The other day I was having a conversation with a colleague about how much size matters to US News. That is, how closely correlated are US News rankings of national liberal arts schools with the size of their endowments? Since both the rankings and the size of endowments are available on the US News website, I decided to take a look. (Note that I don’t actually have any software for statistical analysis at home, so everything that follows will be very basic.)
The first thing I did was create a list of the top 99 schools (there were several schools at #100, so I decided to go with 99 instead of 104 or whatever it would have been) with their rankings and the size of their endowments and then order the list by endowment size and re-rank the schools in order to determine the difference between US News rank and endowment rank. On average, the US News rankings differed from the endowment rankings by just -.48, meaning that the average school is ranked about a half a position lower than its endowment would suggest.
Considering that raw endowment amounts may not be as important as endowment per student, I did the same analysis again but divided the endowment by the total number of students. The result was the same: -.48. In both cases, though, the standard deviation was large. For raw endowment, the standard deviation was 18.66, while for enrollment-adjusted endowment it was 20.99.
I also looked at the schools with the best and worst rankings relative to their endowments. The winners were the US Air Force Academy (ranked 65 spots above the location that its 90th-ranked endowment would suggest) and the US Military Academy (46 spots above its 63rd-ranked endowment). The losers were Berea College (65 spots below its 11th-ranked endowment) and Agnes Scott College (37 spots below its 52nd-ranked endowment).
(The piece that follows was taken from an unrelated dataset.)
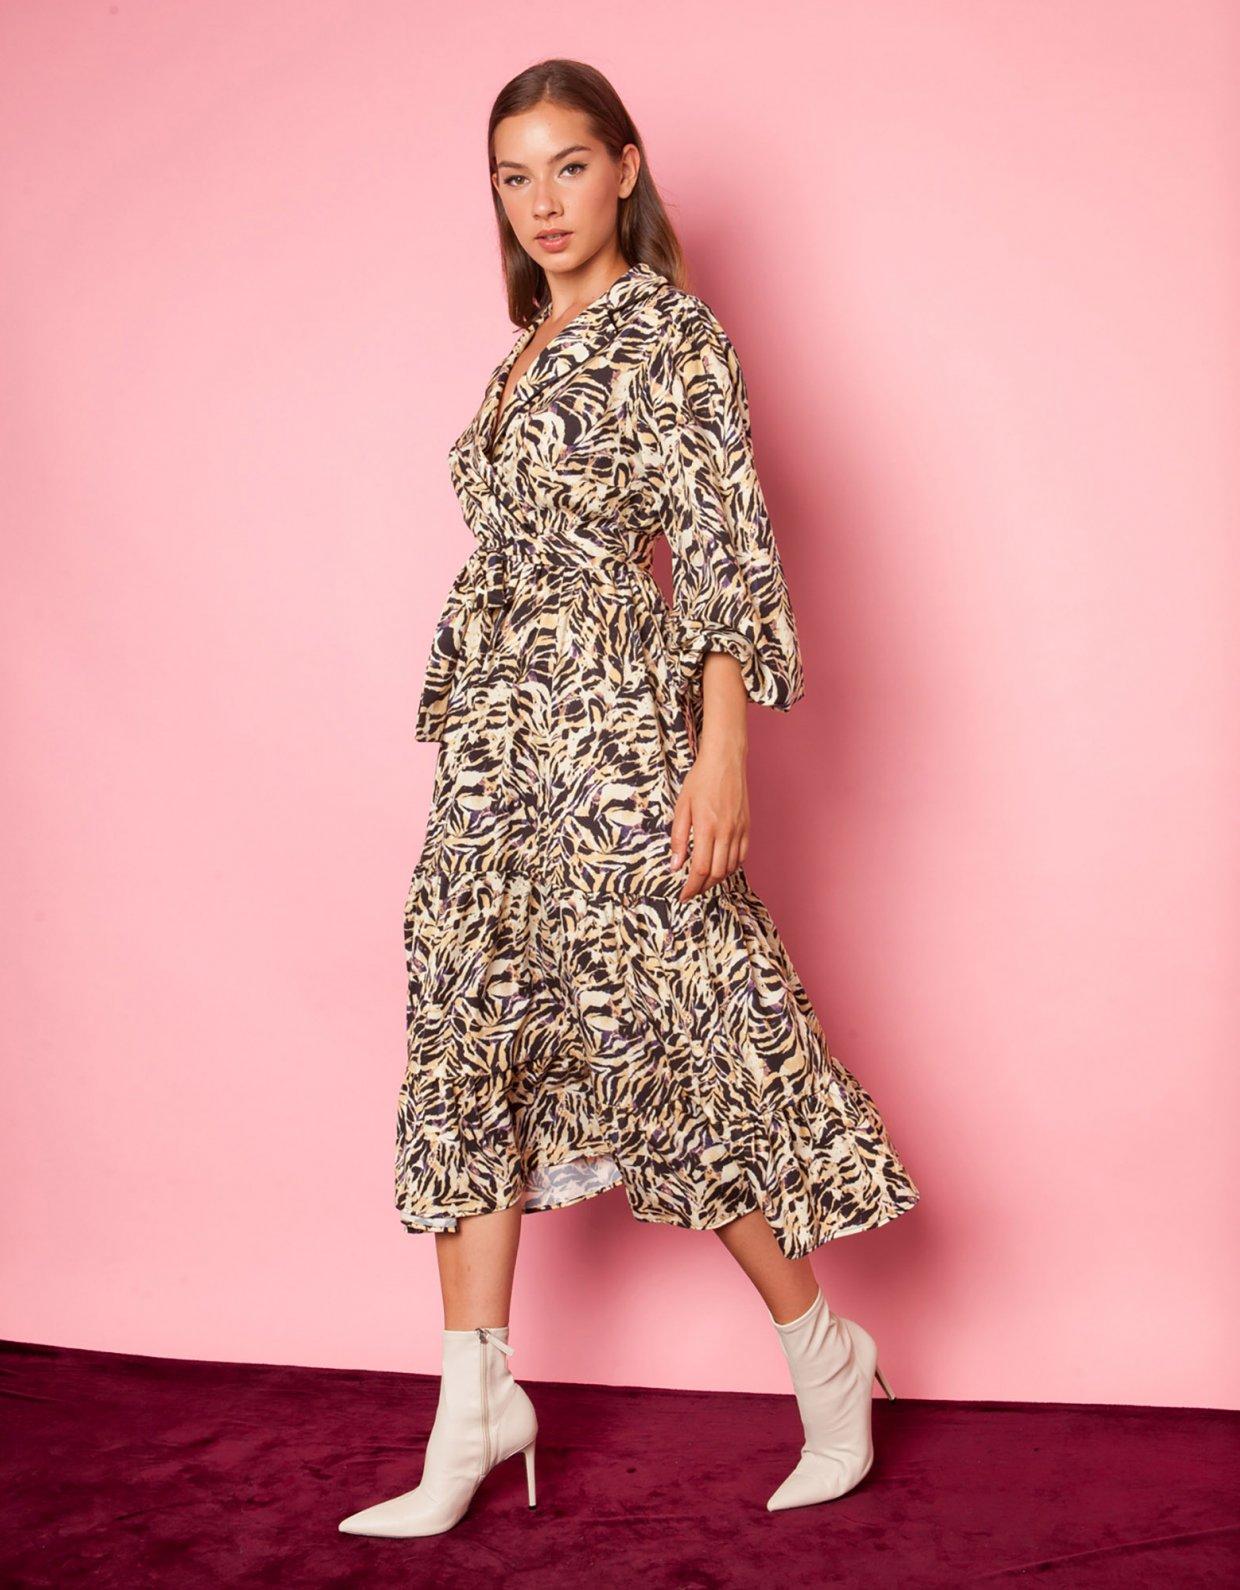 Mallory the label Dahlia zebra dress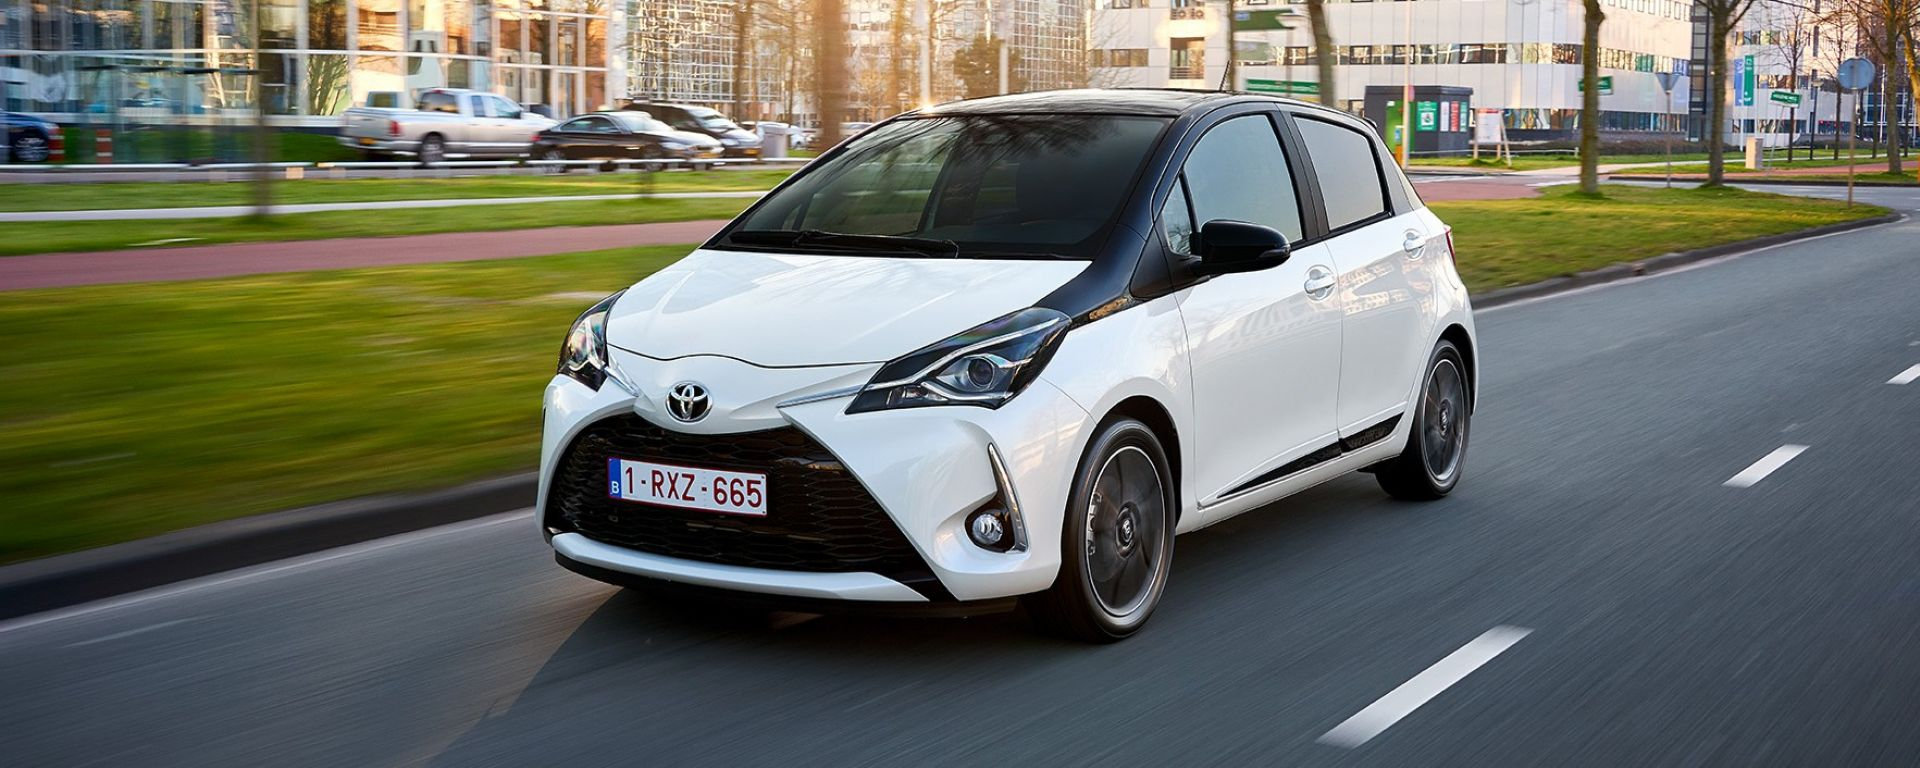 Toyota Yaris 2017: prova, dotazioni, prezzi [VIDEO]

Finally, I took a look at the correlation coefficients. Pearson’s r for the raw endowment was .78, while for enrollment-adjusted endowment it was .72. In both cases, there is a strong correlation between endowment and US News rankings. This isn’t particularly surprising, given that a large endowment makes a school more able to do the things that US News values while drawing the types of students that US News values. It does, however, point out that, in many cases, US News rankings don’t provide much information beyond what we could ascertain by glancing at the endowments of two schools.